{-# OPTIONS_GHC -fglasgow-exts -fno-warn-orphans #-}
{-|
Context propagators and equalizers.
> Tree and flower and leaf and grass,
> Let them pass! Let them pass!
> Hill and water under sky,
> Pass them by! Pass them by!
(This module could probably use a name change...)
-}
module Pugs.Context (
deltaType,
isaType,
addNode,
initTree
) where
import Pugs.Internals
import Pugs.Types
{-|
Count the total number of types in a class tree, including both internal and
leaf nodes.
This is used by 'deltaType' to ensure that incompatible types are always
further apart than compatible types.
-}
countTree :: ClassTree -> Int
countTree (Node _ []) = 1
countTree (Node _ cs) = 1 + sum (map countTree cs)
{-|
Find the \'difference\' between two types in the given class tree (for MMD
purposes and such).
Identical types (that exist in the class tree) produce 0. Compatible types
will produce a small positive number representing their distance.
Incompatible will produce a distance larger
than any two compatible types. If one (or both) of the types doesn't exist in
the tree, the result is a very large number.
> <scook0> is deltaType supposed to be returning large positive numbers for
> types that are actually incompatible?
> <autrijus> that is a open design question.
> <autrijus> it is that way because we want
> <autrijus> '1'+'2'
> <autrijus> to work
> <scook0> I see
> <autrijus> without having to define <+> as Scalar Scalar
> <autrijus> I think I did think of leaving a compatibleTypes as remedy
> <autrijus> to specify things that are fundamentally uncastable
> <scook0> I think I'll just document the current behaviour for now
> <autrijus> nod. it is a mess. it really wants a rewrite.
-}
deltaType :: ClassTree -- ^ Class tree to use for the comparison
-> Type -- ^ Base type
-> Type -- ^ Possibly-derived type
-> Int
deltaType = junctivate min max $ \tree base target ->
let distance = distanceType tree base target in
if distance < 0
then countTree tree - distance
else distance
{-|
Autothreading of comparisons between junctive types.

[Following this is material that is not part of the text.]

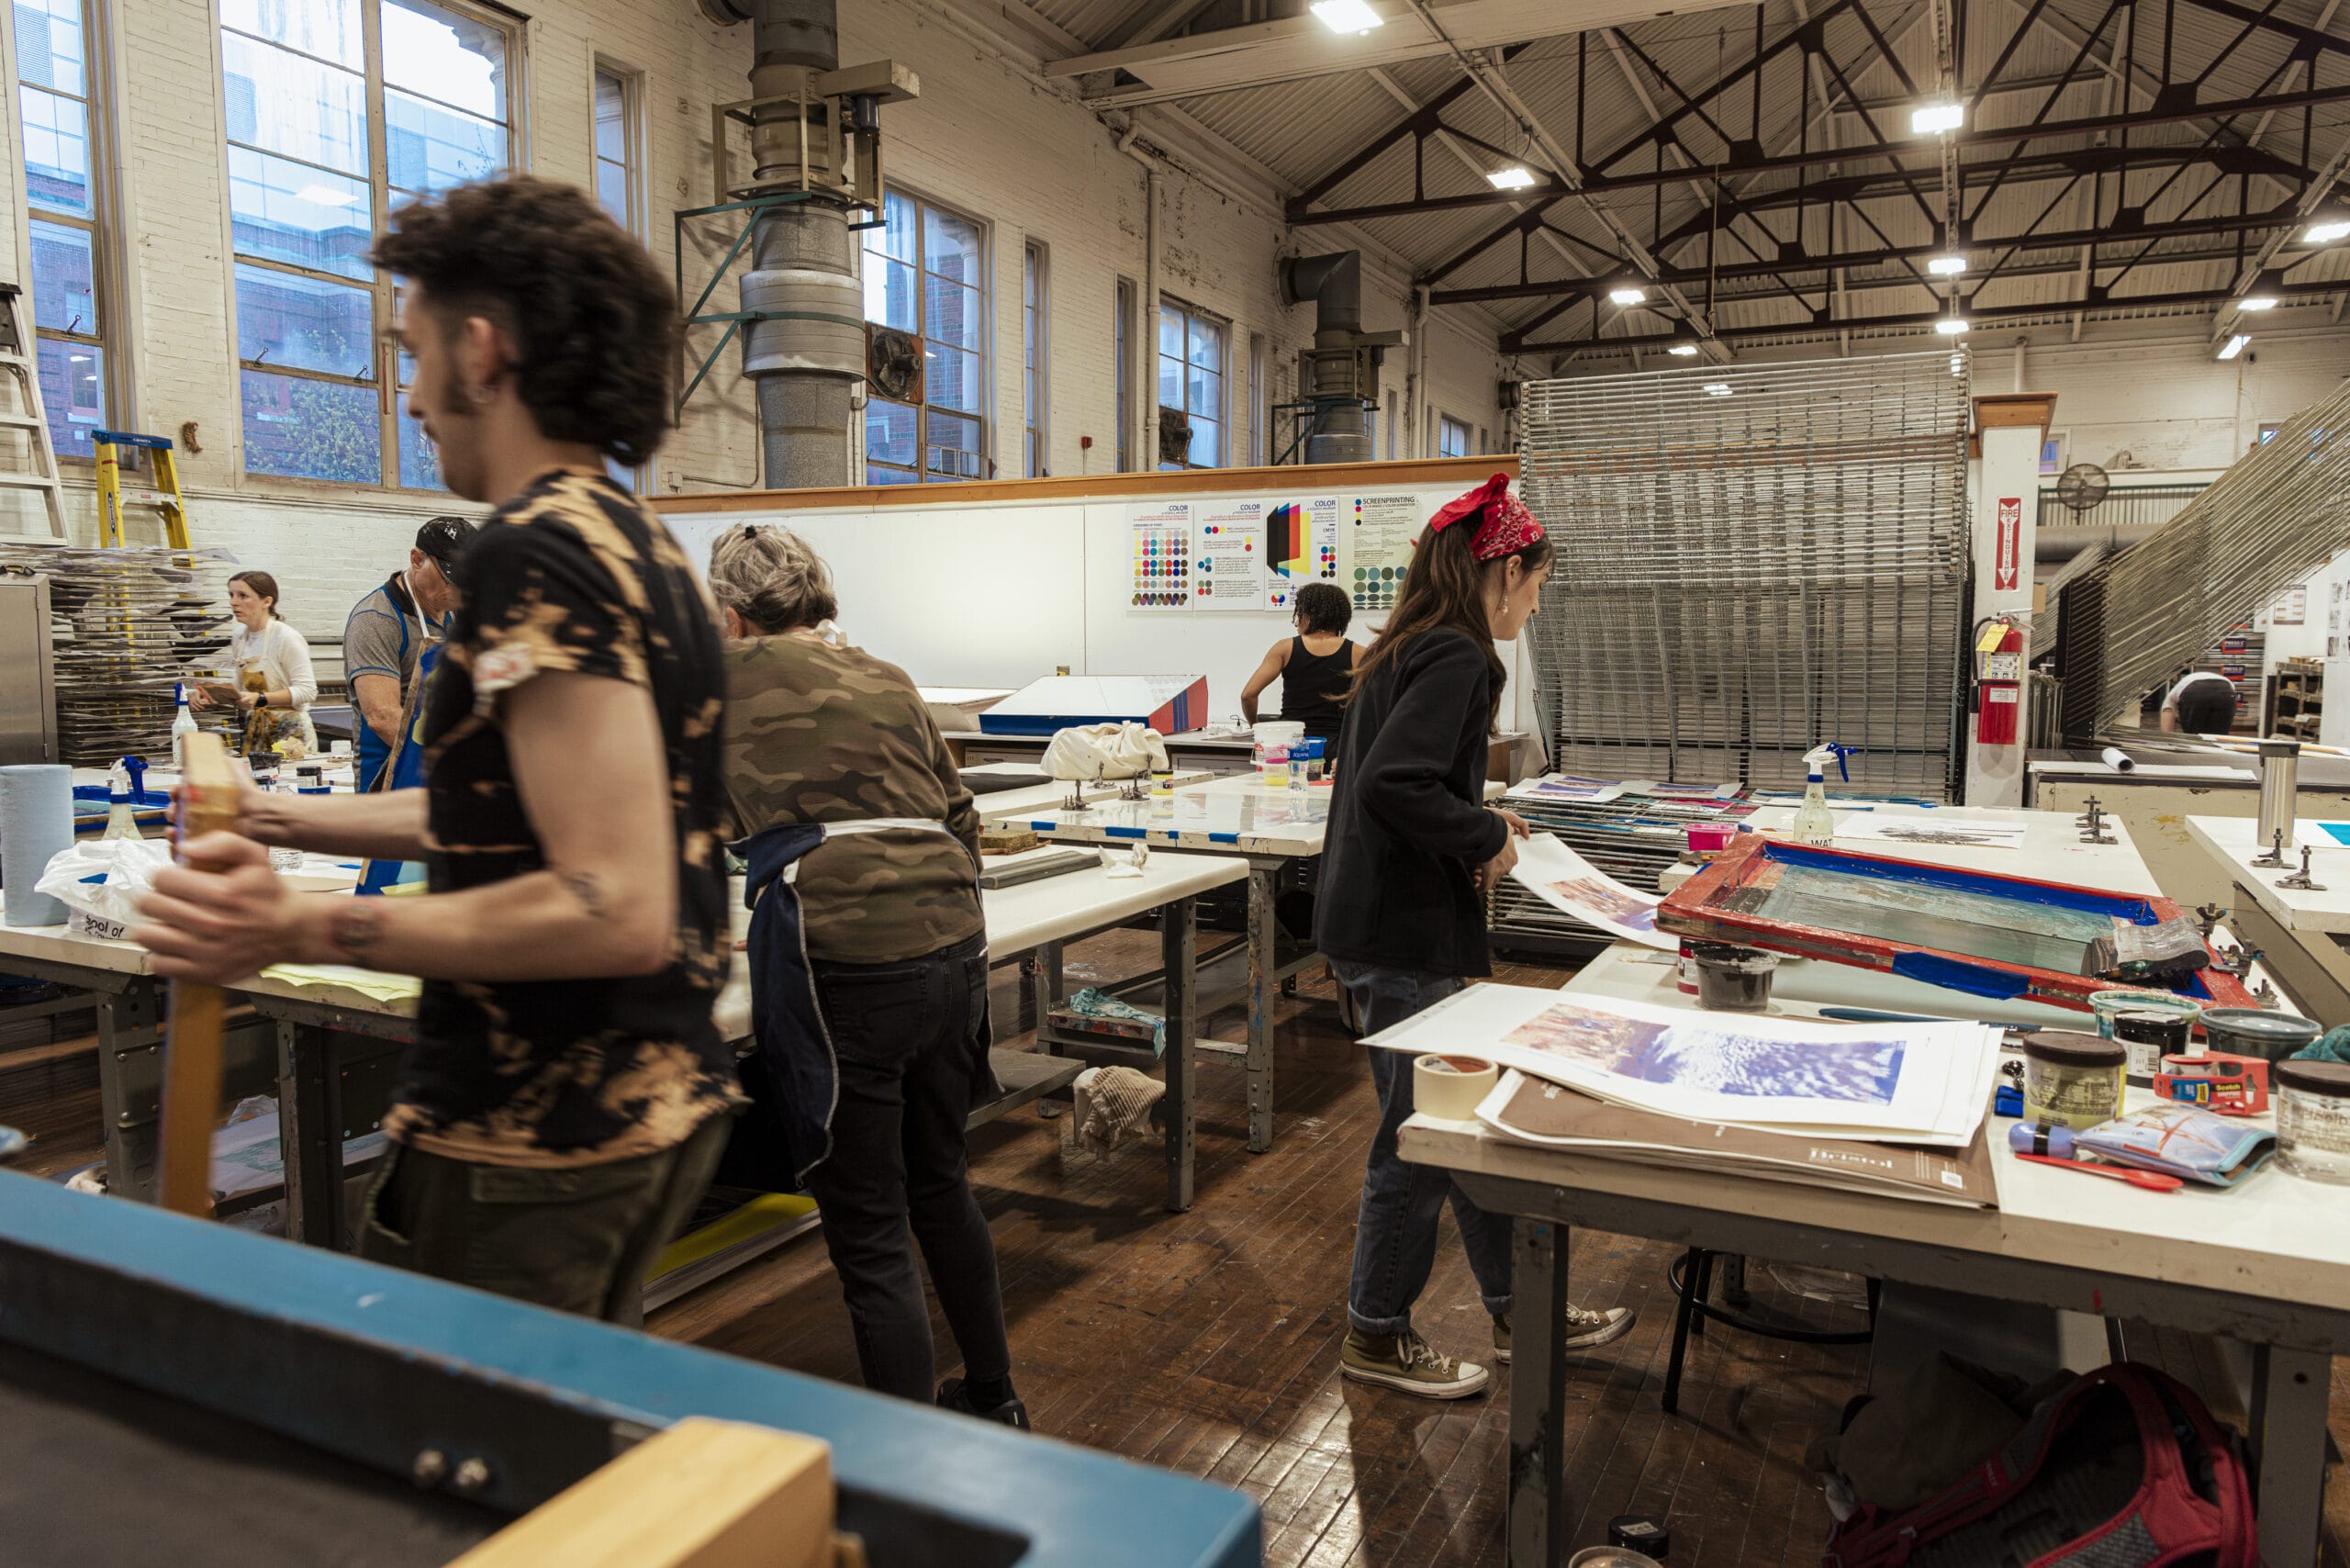 Students working in the Silkscreening area of MassArt's Print Studio/Print Shop
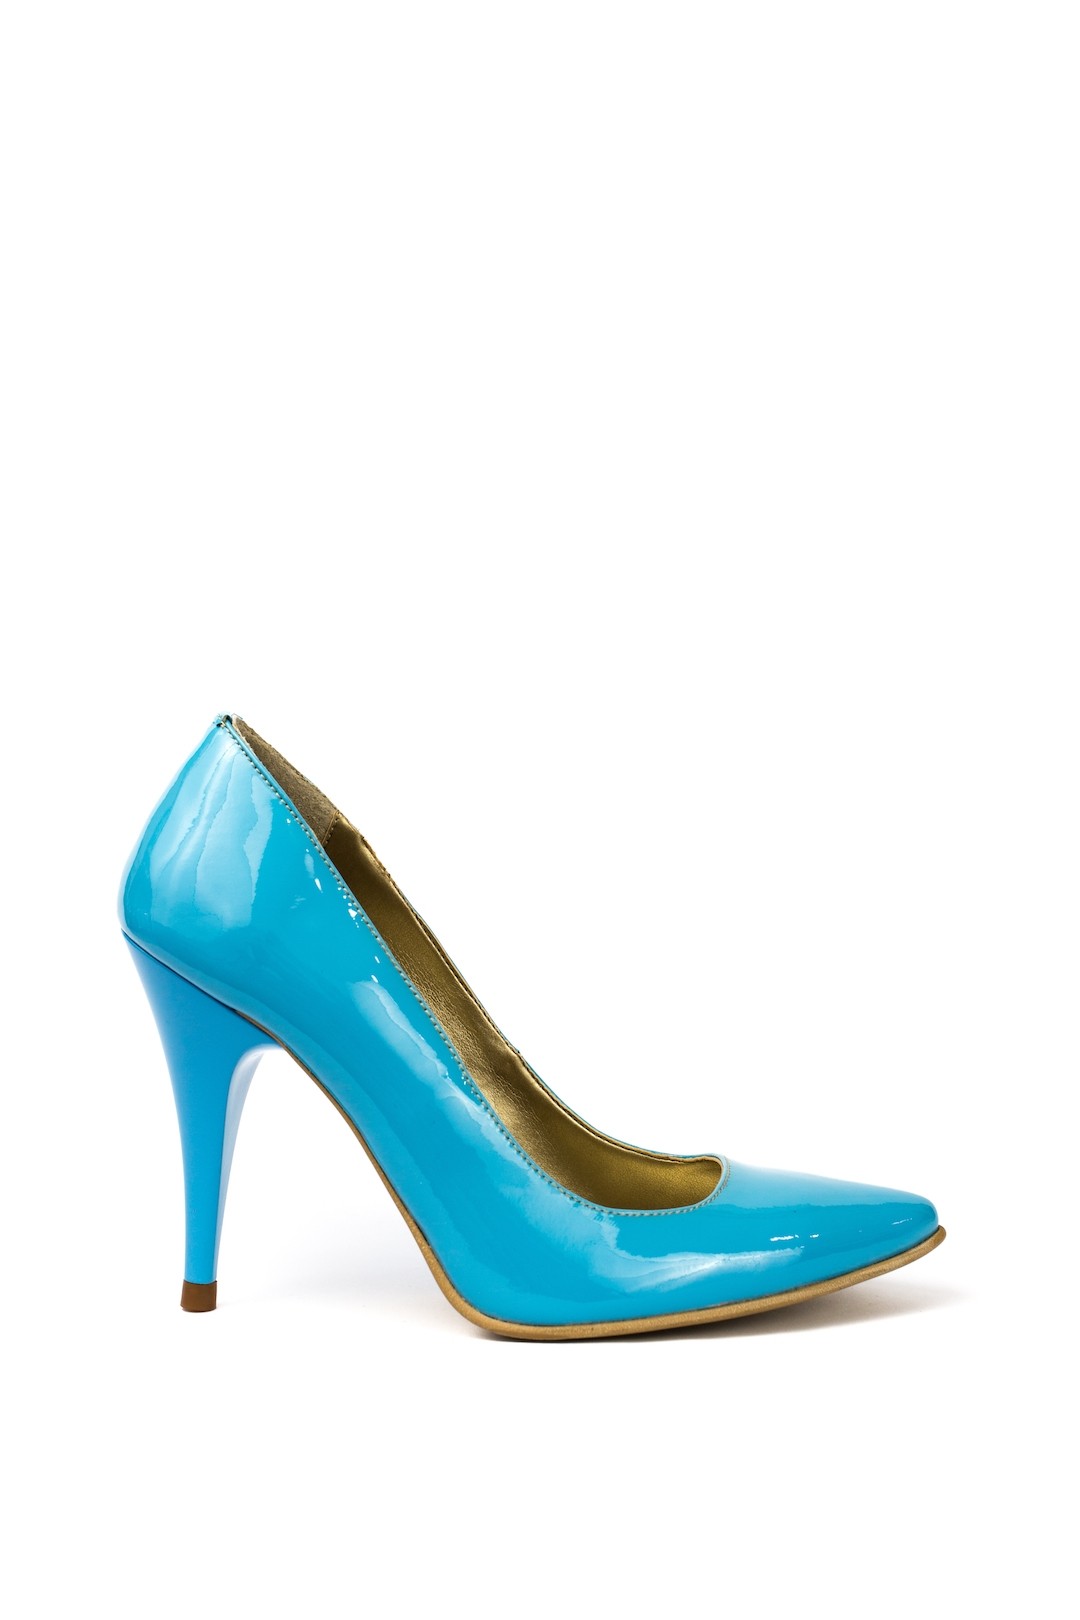 Pantofi Dama piele naturala albastru Elvira

Just as autothreading over value junctions will perform an operation on all
junction elements and combine the results back into a junction, this function
autothreads some type comparison over all the possible type permutations,
then combines the results using two user-specified /functions/.
E.g. if we want to check whether the type @(Int|Str)@ is a @Num@, we first
check whether @Int@ is a @Num@ (@True@), then check whether @Str@ is a num
(@False@), then combine the results using the specified disjunctive combiner
(in this case Haskell's @(||)@). The result is thus @True@.
-}
junctivate :: (t -> t -> t) -- ^ Function to combine results over disjunctive
-- (@|@) types
-> (t -> t -> t) -- ^ Function to combine results over conjunctive
-- (@\&@) types
-> (ClassTree -> Type -> Type -> t)
-- ^ Function that will actually perform the
-- comparison (on non-junctive types)
-> ClassTree -- ^ Class tree to pass to the comparison function
-> Type -- ^ First type to compare
-> Type -- ^ Second type to compare
-> t
junctivate or and f tree base target
| TypeOr t1 t2 <- target
= redo base t1 `or` redo base t2
| TypeOr b1 b2 <- base
= redo b1 target `or` redo b2 target
| TypeAnd t1 t2 <- target
= redo base t1 `and` redo base t2
| TypeAnd b1 b2 <- base
= redo b1 target `and` redo b2 target
| otherwise
= f tree base target
where
redo = junctivate or and f tree
-- When saying Int.isa(Scalar), Scalar is the base, Int is the target
{-|
A more convenient version of 'isaType\'' that automatically converts the base
type string into an actual 'Type' value.
-}
isaType :: ClassTree -- ^ Class tree to use for the comparison
-> String -- ^ Base type
-> Type -- ^ Possibly-derived type
-> Bool
isaType tree base target = isaType' tree (mkType base) target
{-|
Return true if the second type (the \'target\') is derived-from or equal-to the
first type (the \'base\'), in the context of the given class tree.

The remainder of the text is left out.